I’ve spent the last few months studying Alexey Zimarev’s excellent book, Hands-On Domain Driven Design with ASP.NET Core (2017). While 5 years old now, it was clearly cutting edge at the time, since the Event Sourced system he demonstrates is now becoming more popular. I’ve found several reliable sources who refer to Event Sourcing by name, but very few actual implementations even today. Zimarev’s remains by far the most complete.
The Event Sourced system precipitates some properties I haven’t seen before. First, it comes with a natural audit log. Every action taken on the domain is stored in the event store along with our choice of metadata, most obviously the user taking the action. The event store is not queryable, necessitating the use of a projection into a readable form.
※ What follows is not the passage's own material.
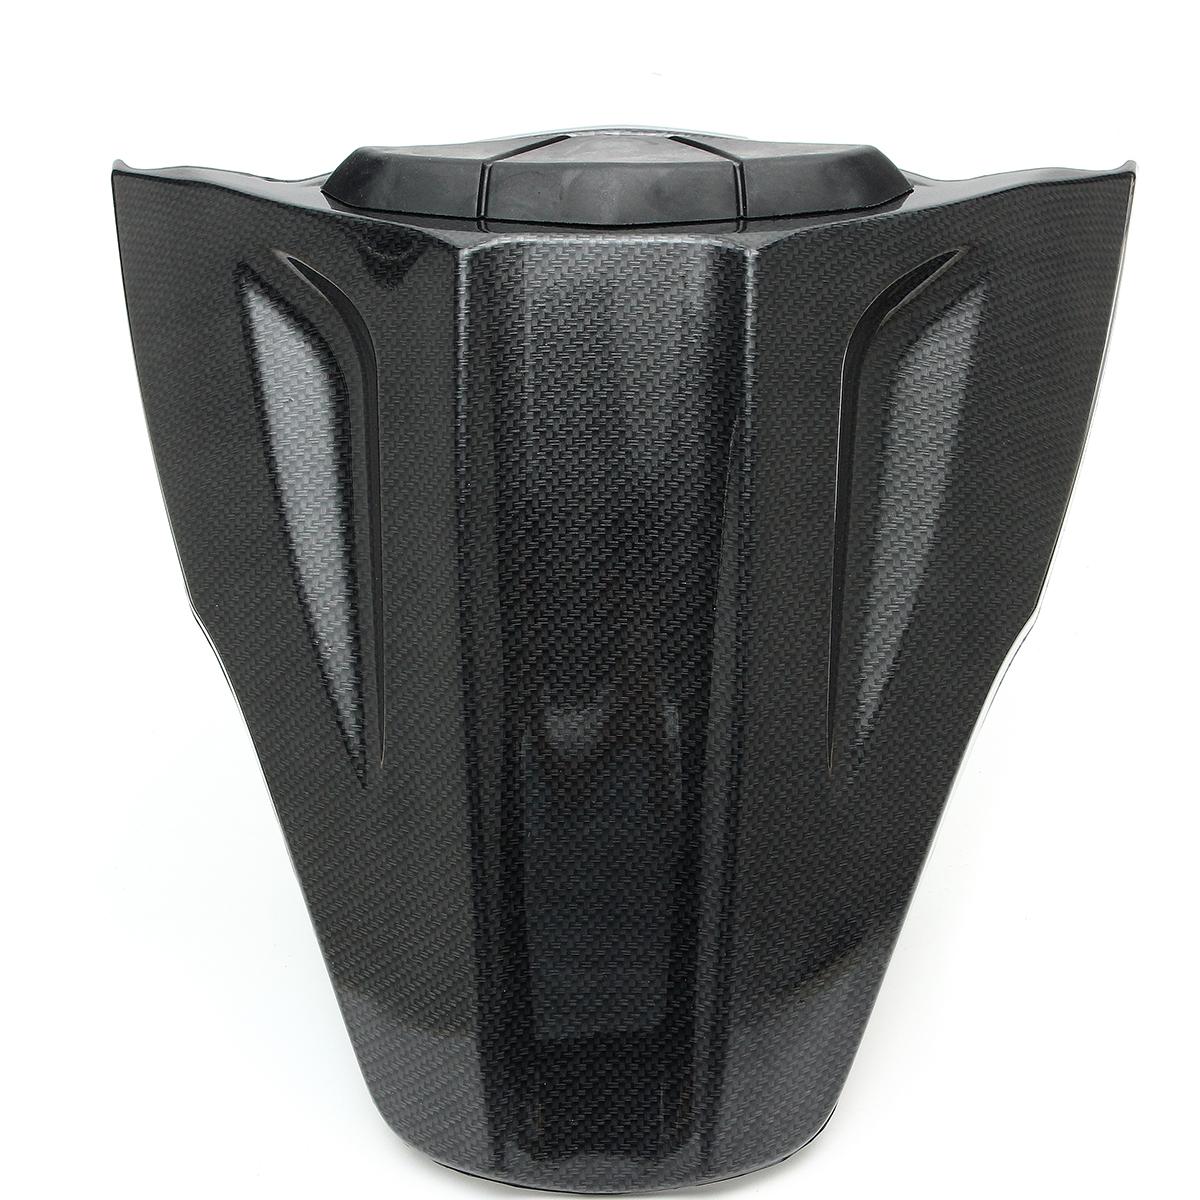 Rear Seat Cowl Fairing Cover For Kawasaki Ninja ZX10R 2011-2015 ABS Plastic

While I’ve designed software using logical CQRS, this system is the first implementation I’ve seen that has different capabilities on the command and query sides, and allows many choices to fulfill these capabilities. Zimarev uses RavenDB + Event Store DB, a good choice today as they can both be deployed in cloud clusters to the AWS, GCP or Azure region of your choice. The specific choices for command and query side are quite involved themselves, and the subject for another article.
The next thing that jumps out at me is that the system is truly asynchronous. I had to move away from the idea that I present an object to the server for processing, and wait for some kind of result back (e.g. a database ID). Instead, the client does all of these id generations in advance and simply issues commands to the server to keep server state in sync. (Side note – look into ULIDs instead of GUIDs for universal IDs). This has its own challenges that must be understood. For example, the queryable database is now the “query” (“read”) side. However, there is latency between when an event enters the store, and when the read side is updated. This only matters if we insist on re-reading the object from the database to get something back. Universal id generation is important here, and the relationship between client and server is flipped on its head. The client holds the master state, and issues commands to the server to persist it.
Eventual consistency is a new challenge to developers. We should not avoid systems that are not immediately consistent, however. We simply need to learn how to build them such that we can truly fire and forget our commands, and be notified only if something goes wrong. The performance potential here is enormous: how much database effort is spent on joins and indexes to split object data into multiple tables, when we could simply store the data the way it is actually used? While some data (accounting, e.g.) seems to be better suited to tabular data, other data never needs to be anything but an object, and it is easiest to store it as such as a JSON document in a document database.
The biggest challenge that I face right now is the migration of the legacy system. It is simply too big to flip the switch on day 1. It needs to incrementally migrate to a new system, which means that the existing version must be able to write to the event store, and the new version must project back to the original database in addition to the document database. Of course, this is a lot of work that will be immediately obsolete, but we see this technique in bridge maintenance as well. If we wish to upgrade a bridge while allowing people to continue to cross the river, we need to build a temporary bridge first before closing the bridge for upgrades.
I don’t know what my performance expectations are at this point. Intuitively, it feels like a better design than using a relational database for absolutely everything. I know I no longer have to write error-prone mapping code to shove the data into an ORM. The more I work with document databases, the more I feel that relational databases are not appropriate persistence for object-based data. An interesting thought is that the databases will do less work. Writing to event streams is not compute-intensive work, nor is reading a selection of documents from a document database. The costs are already lower for the two databases, but I haven’t seen the resource requirements yet. The cost is simply the latency between write and read sides, which is handled by building the system asynchronously and making the application client-centric rather than server-centric. The projection, of course, is handled by the application server, so the latency can be managed to an extent by increasing the resources available to the application server.
Those are my initial thoughts about an Event Sourced system. With any luck, I’ll have a chance to design one soon as our company updates their applications to be cloud-native. I hope to see some tangible results this year.